Orang tua yang tak mau repot mengurus anak-anaknya, menyerahkan anaknya pada guru sepenuhnya tanpa dibarengi kontrol dan menukarnya dengan sejumlah uang yang kadang tidak sedikit.
Sehingga image bahwa sekolah yang baik itu yang mahal dan yang mahal itu pasti berkualitas tumbuh subur di masyarakat. Sekarang pendidikan hanya dapat dikenyam oleh segelintir orang saja.
Menurut Andreas Harefa, dalam bukunya yang berjudul Pembelajaran di Era Serba Otonomi, dikatakan, mau tidak mau harus diakui bahwa persoalan mendasar yang dihadapi bangsa Indonesia salah satunya adalah tidak mempunyai seluruh anggota masyarakat untuk berbagi tugas dan tanggung jawab dalam kemajuan dunia pendidikan.
Yang paling memprihatinkan, kondisi ini menyebabkan pemerataan pendidikan tidak dapat direalisasikan kendati sebagai seorang muslim menuntut ilmu itu wajib hukumnya, siapapun orang tersebut. Kemudian diperkuat dengan hukum positif di Indonesia, UUD 1945 pasal 27.
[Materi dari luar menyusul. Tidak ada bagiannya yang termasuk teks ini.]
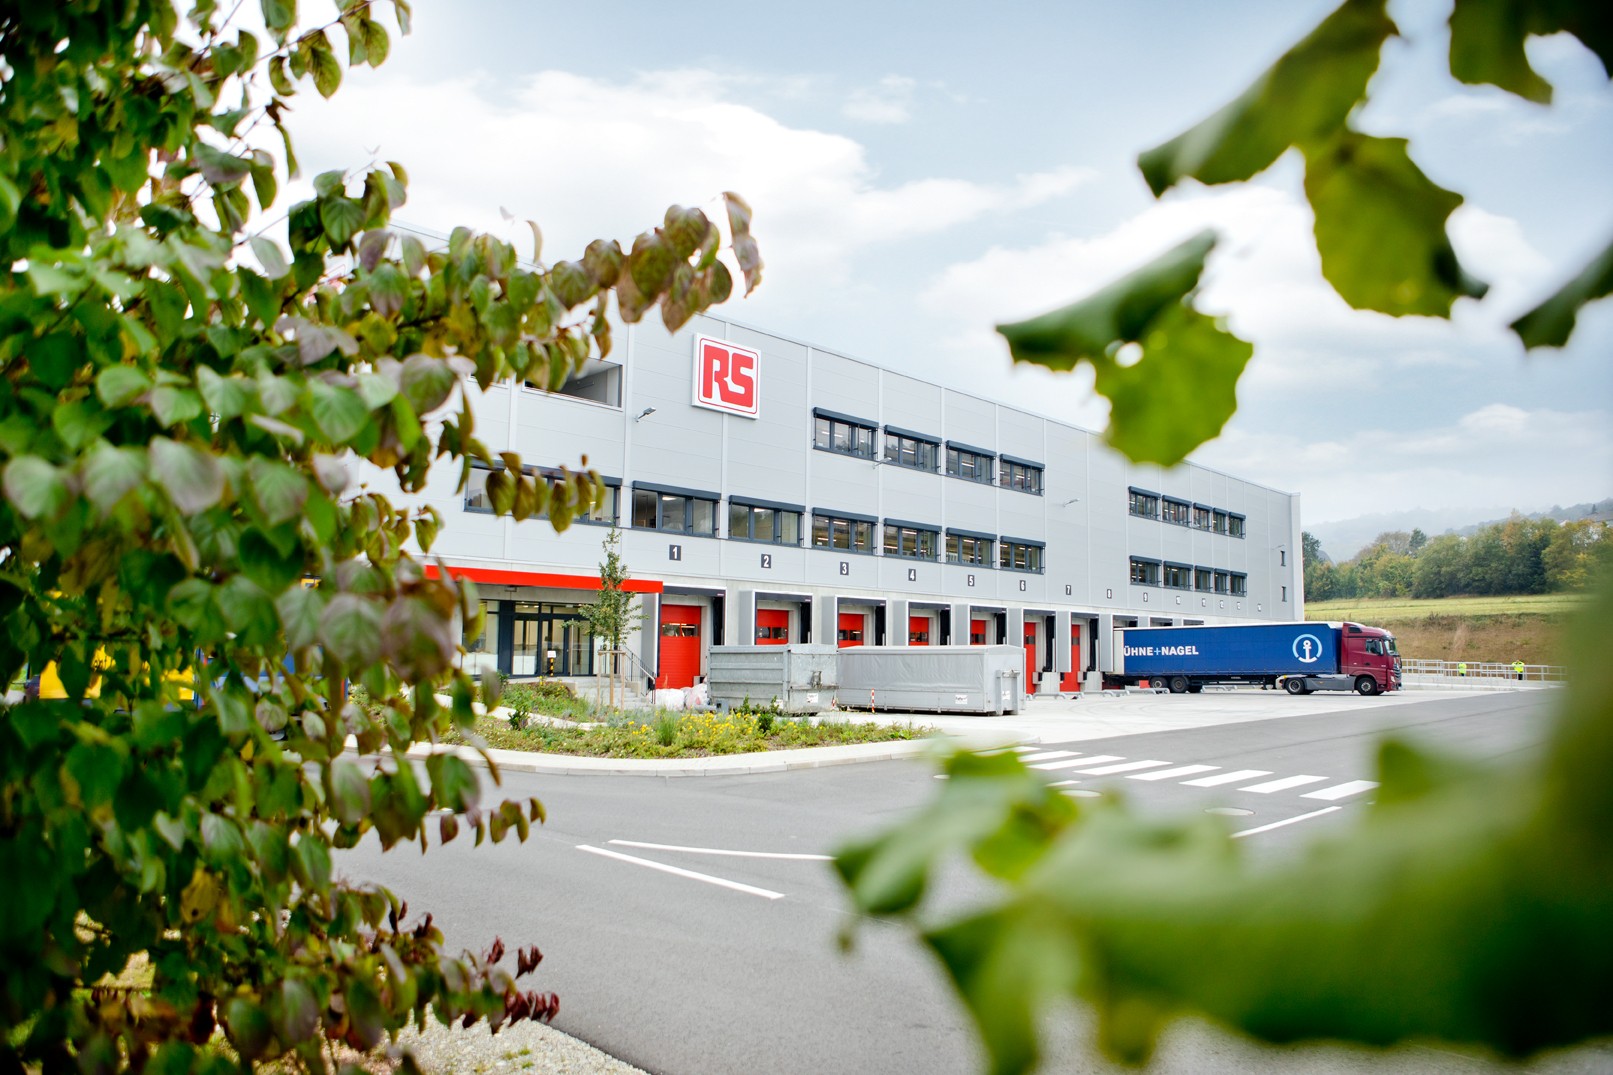 Magazijn van RS in Bad Hersfeld in Duitsland met vrachtwagen geparkeerd voor het gebouw.

Dampak lain dari penyalahgunaan pendidikan adalah mengecilnya kesempatan untuk menikmati pendidikan dan kesenjangan sosial yang semakin lebar. Ini menandakan adanya penyelewengan pendidikan secara poltik-ekonomi yang kemudian melahirkan pendidikan untuk orang miskin terganggu realisasinya.
Menurut Eko Frasetyo, dalam buku yang berjudul Orang Miskin Dilarang Sekolah, disebutkan situasi ini dipengaruhi pula oleh derasnya arus globalisasi yang melanda Indonesia melalui liberalisasi, kapitalisasi, dan privatisasi lembaga pendidikan.
Secara kasat mata terlihat perbedaan yang timbul antara yang berpendidikan dengan yang tidak berilmu sebagai akibat dari nilai-nilai pendidikan yang didapatkan walau dengan bersekolah tidak ada jaminan yang mutlak bahwa seseorang akan pintar.
Jika hal ini dibiarkan lebih lanjut, perbedaan ini akan menimbulkan efek psikologis yang dapat mengakibatkan tidak ada atau rendahnya kepercayaan diri untuk merubah keadaan.
Tak jarang kebijakan publik yang diputuskan pemerintah mempengaruhi kinerja sekolah dan ada pula yang mencoba mempolitisasi pendidikan yang pada hakekatnya pendidikan sebagai suatu komoditas yang “laku” untuk dijual dan semakin mempersempit orang miskin untuk mengakses pendidikan.
Maka untuk meminimalisir keadaan ini diperlukan konsep atau lembaga pendidikan yang dapat dijangkau oleh orang miskin secara materi agar tercipta suatu pola pendidikan yang terjangkau, tidak menelan biaya yang tinggi tapi punya daya saing dan respek pada kesejahteraan guru.